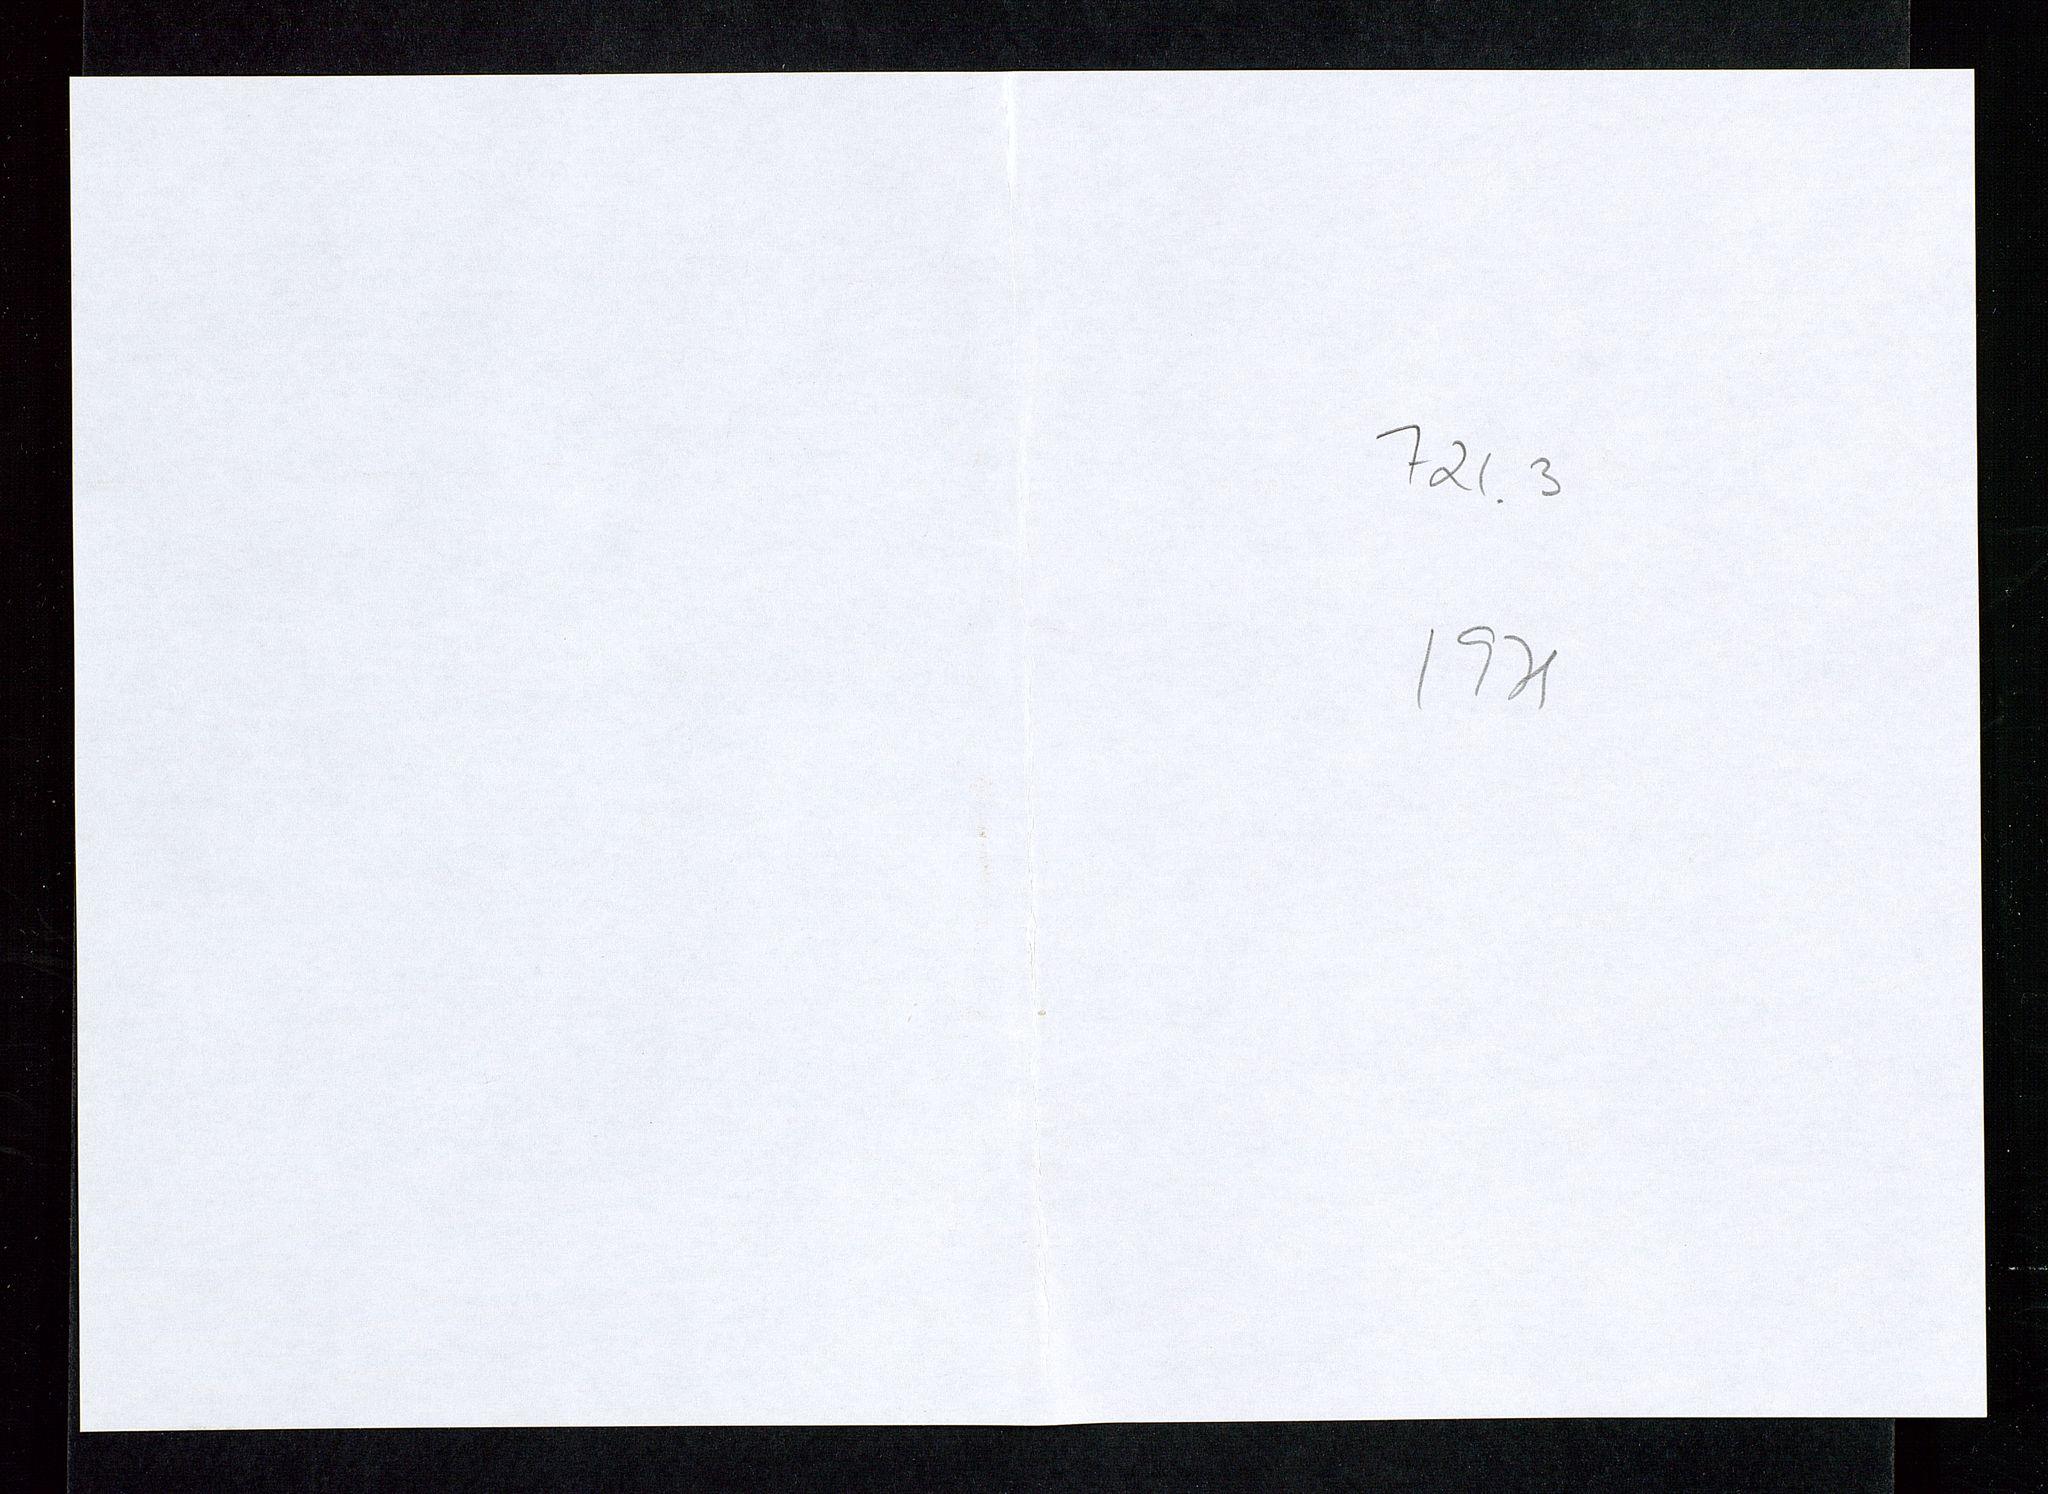 SAST, Industridepartementet, Oljekontoret, Da/L0008:  Arkivnøkkel 721- 722 Geofysikk, forskning, 1970-1972, s. 105
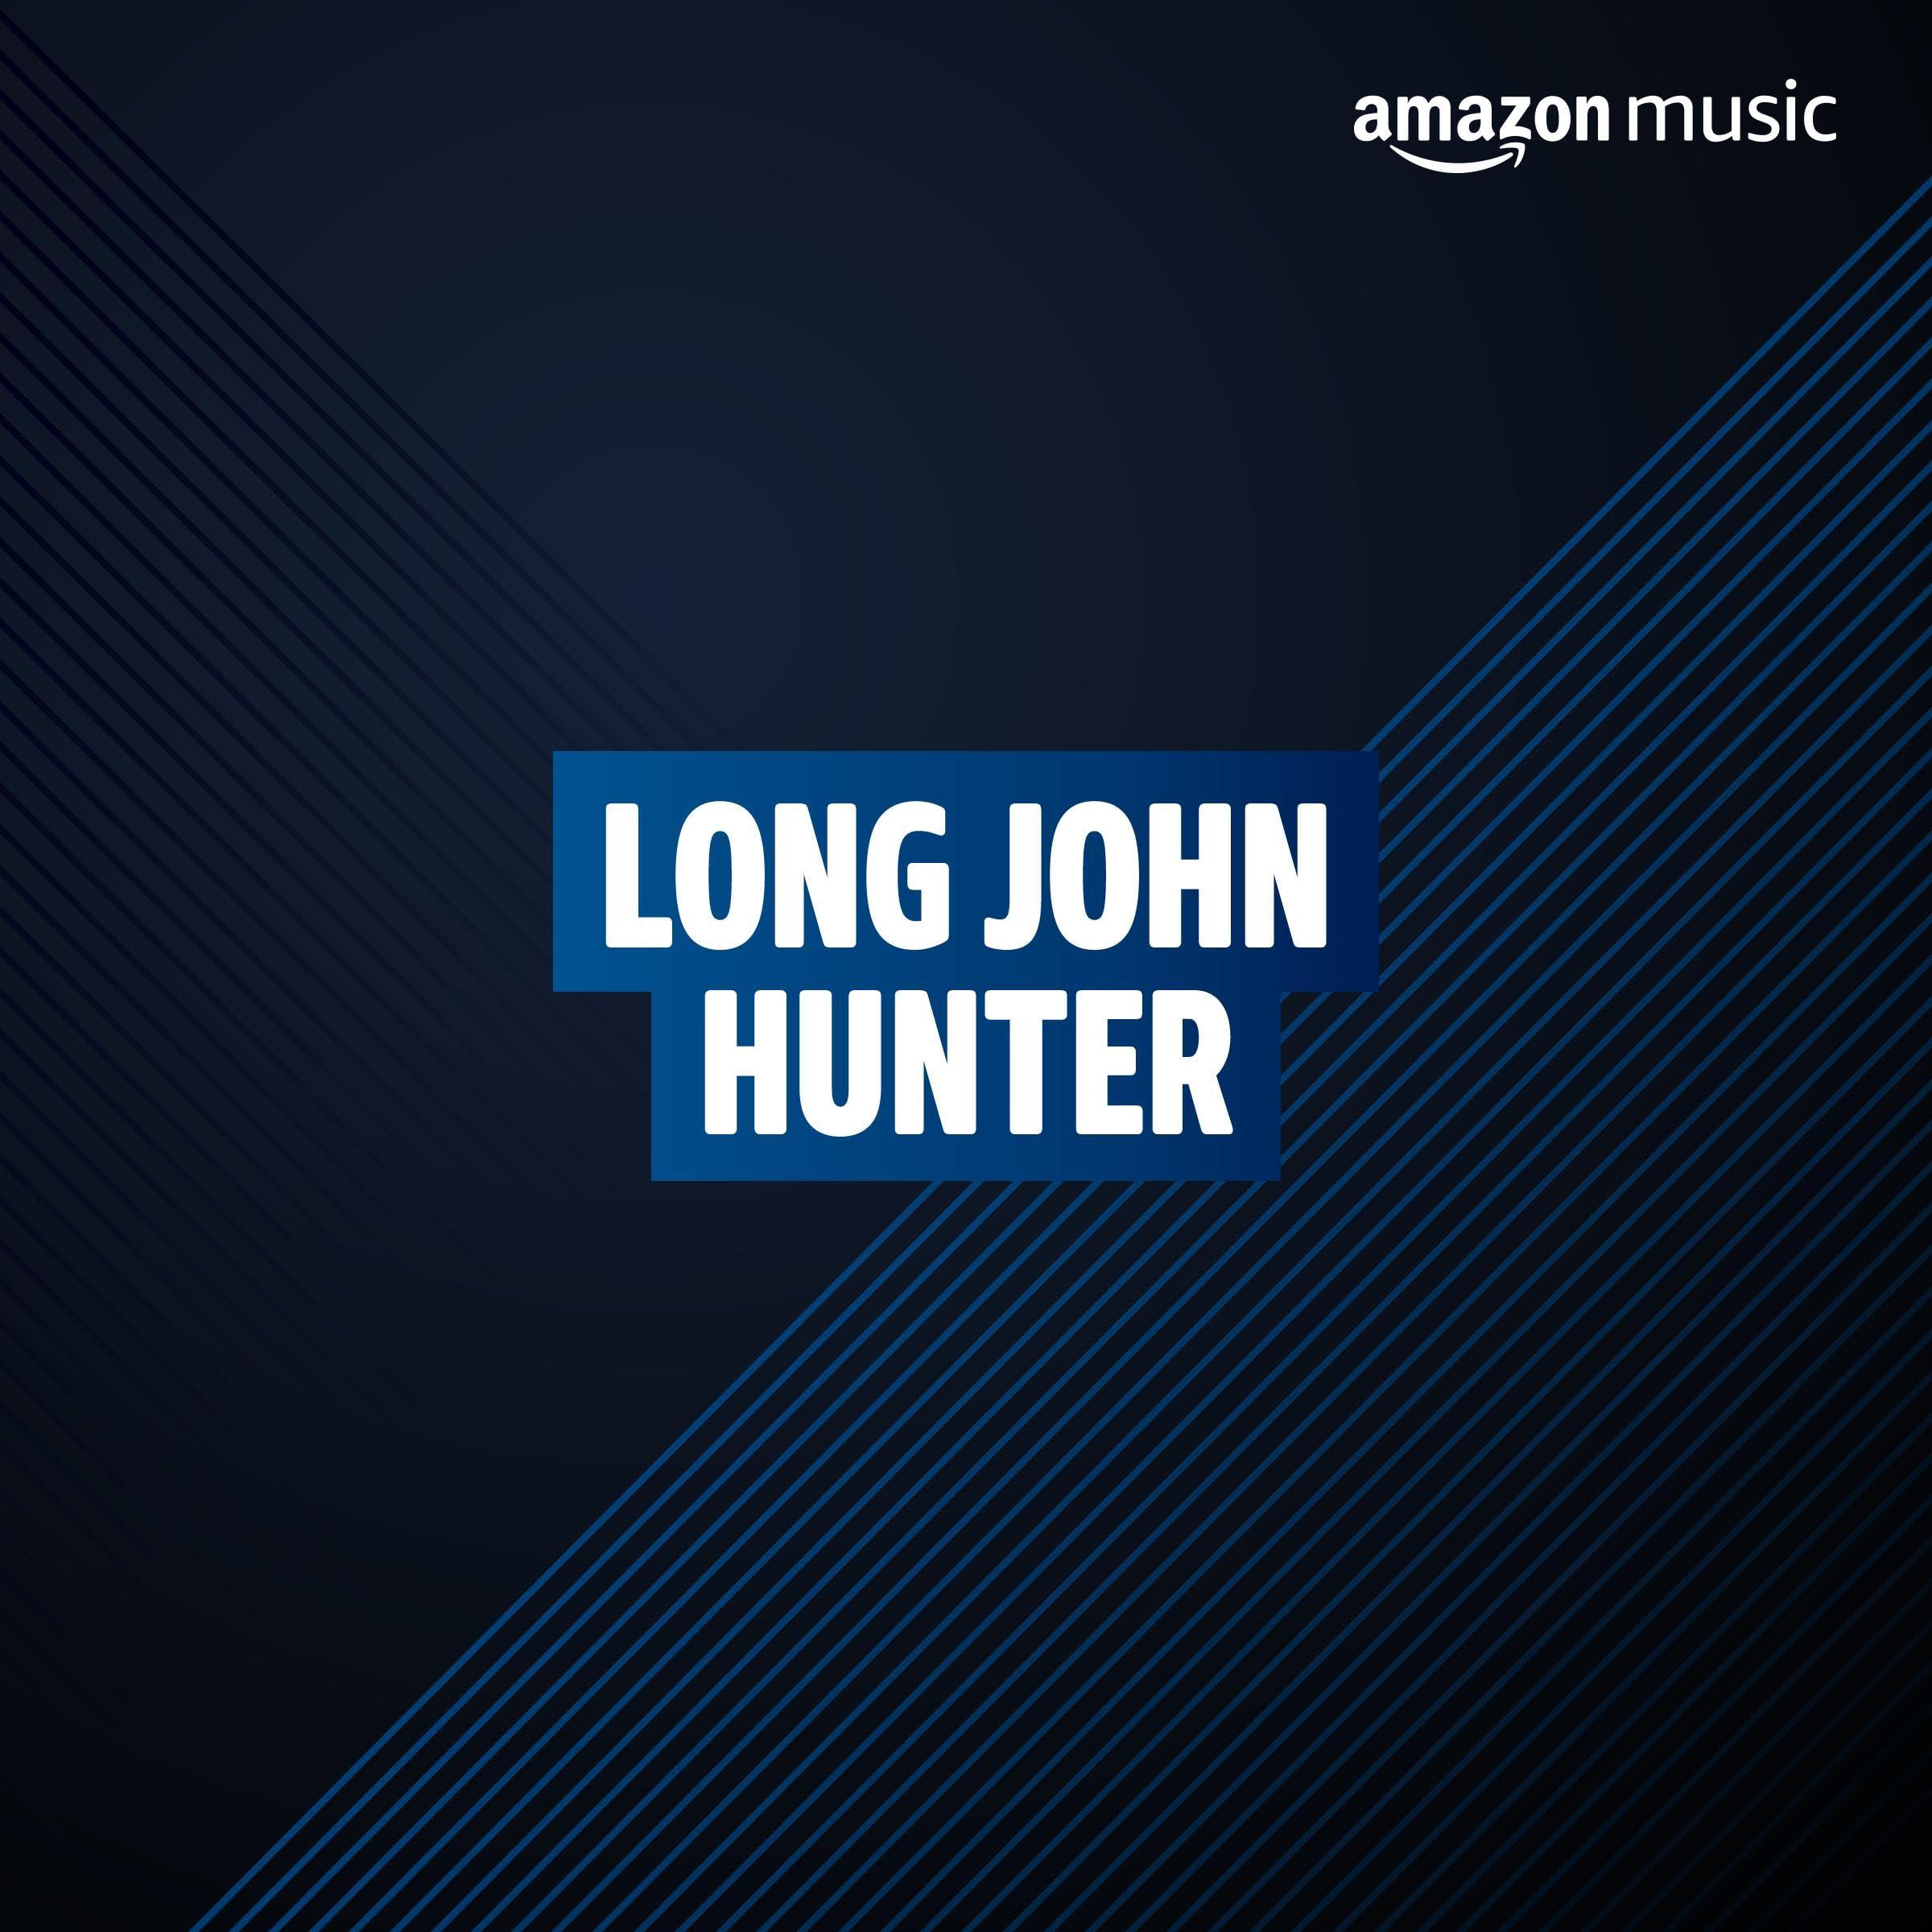 Long John Hunter
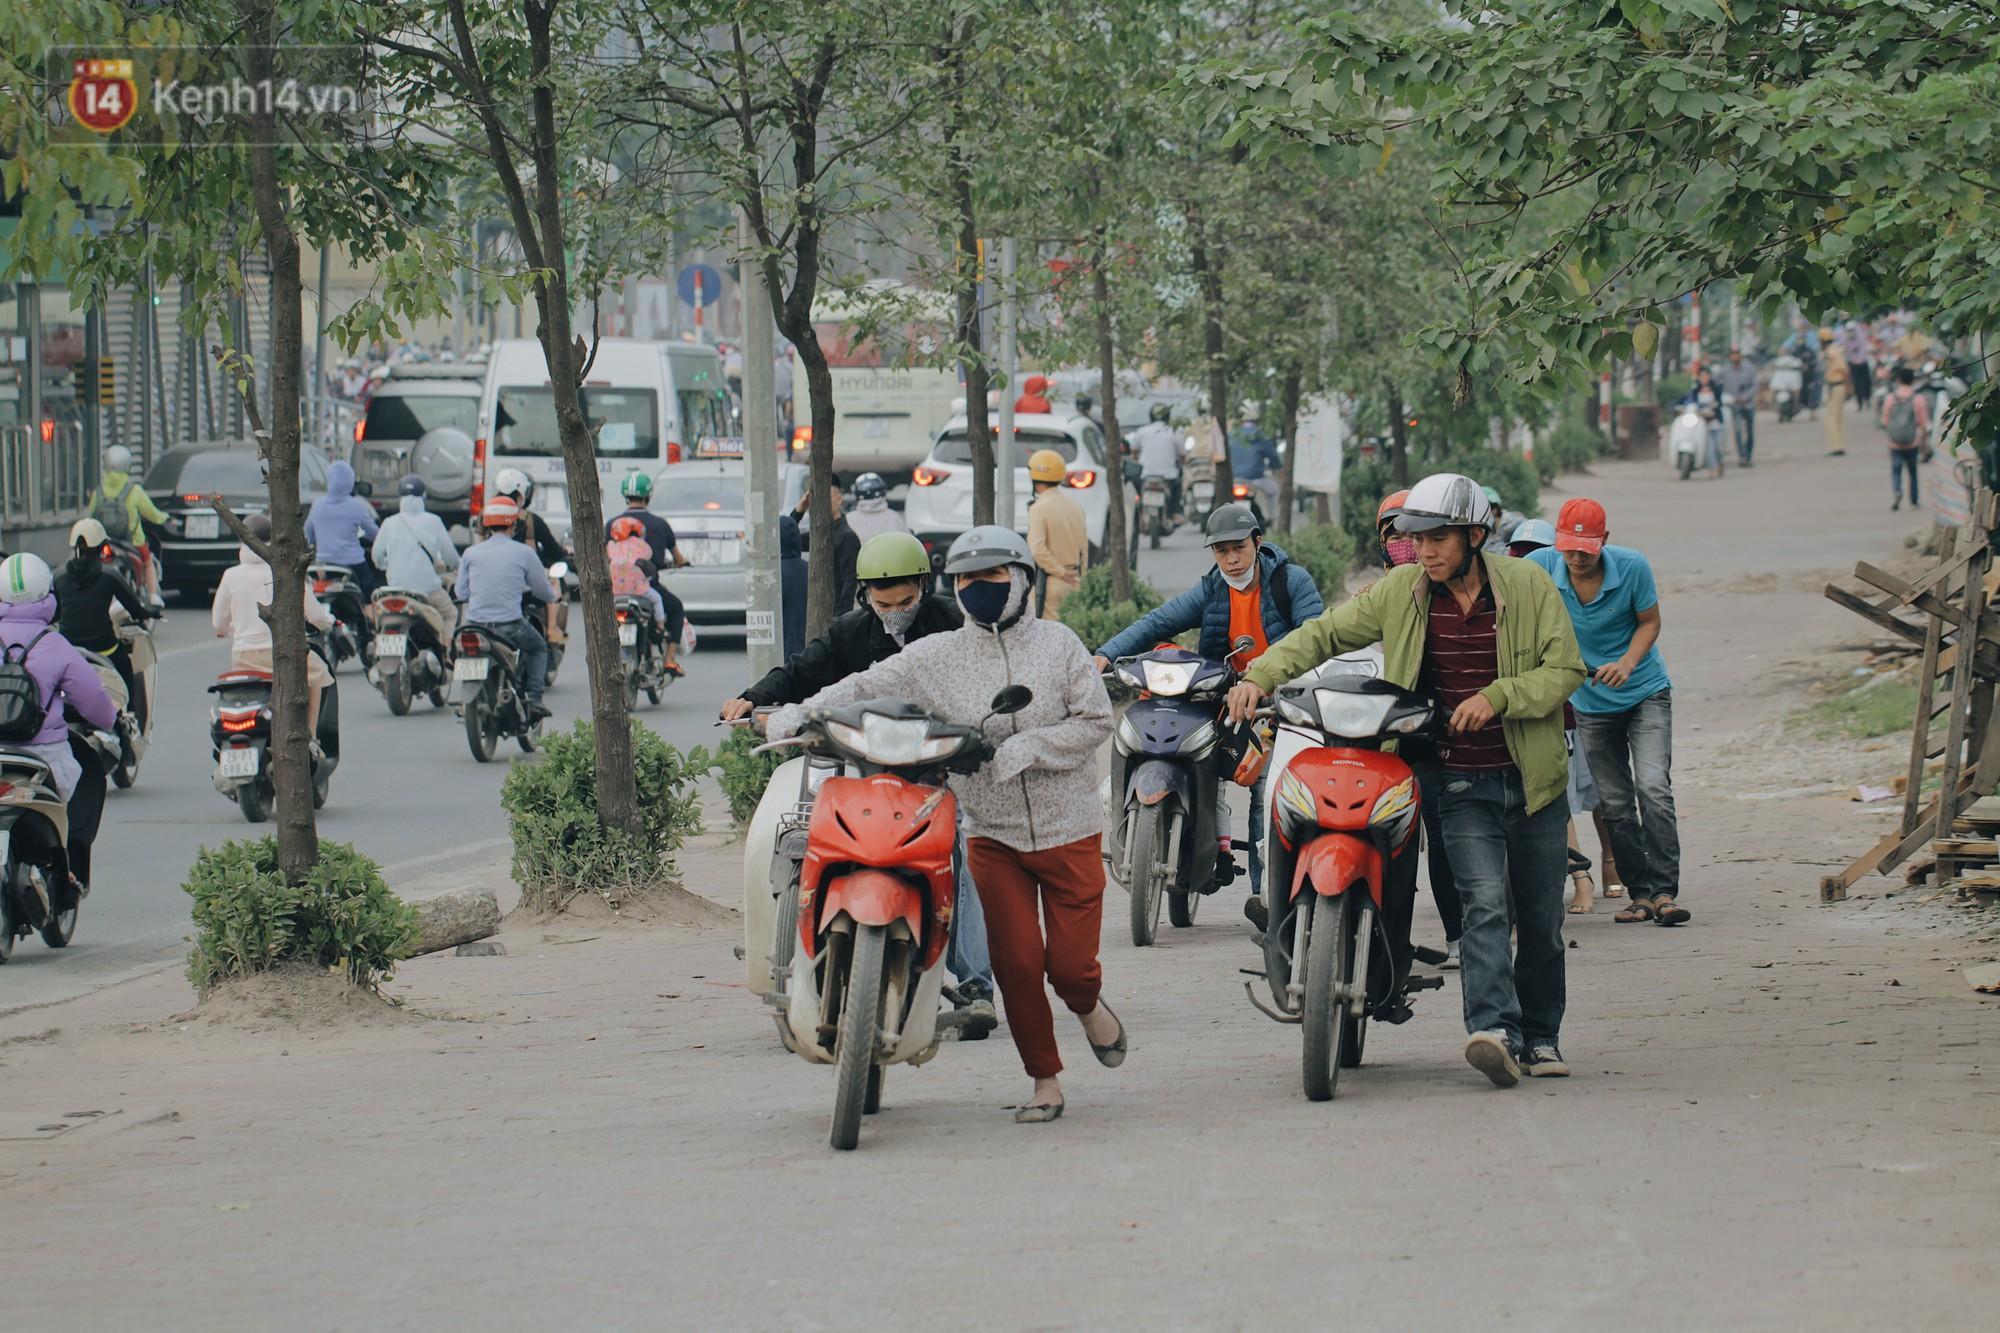 Hàng trăm người dắt xe máy ngược chiều trên vỉa hè: Dù biết là sai và đẩy như vậy mệt lắm nhưng cực chẳng đã... - Ảnh 6.

────────────────

Reproduce the listing verbatim, pictures excluded.

> _ANSWER SECTION_:
 SAST, Industridepartementet, Oljekontoret, Da/L0008:  Arkivnøkkel 721- 722 Geofysikk, forskning, 1970-1972, s. 105
 Long John Hunter
 Hàng trăm người dắt xe máy ngược chiều trên vỉa hè: Dù biết là sai và đẩy như vậy mệt lắm nhưng cực chẳng đã... - Ảnh 6.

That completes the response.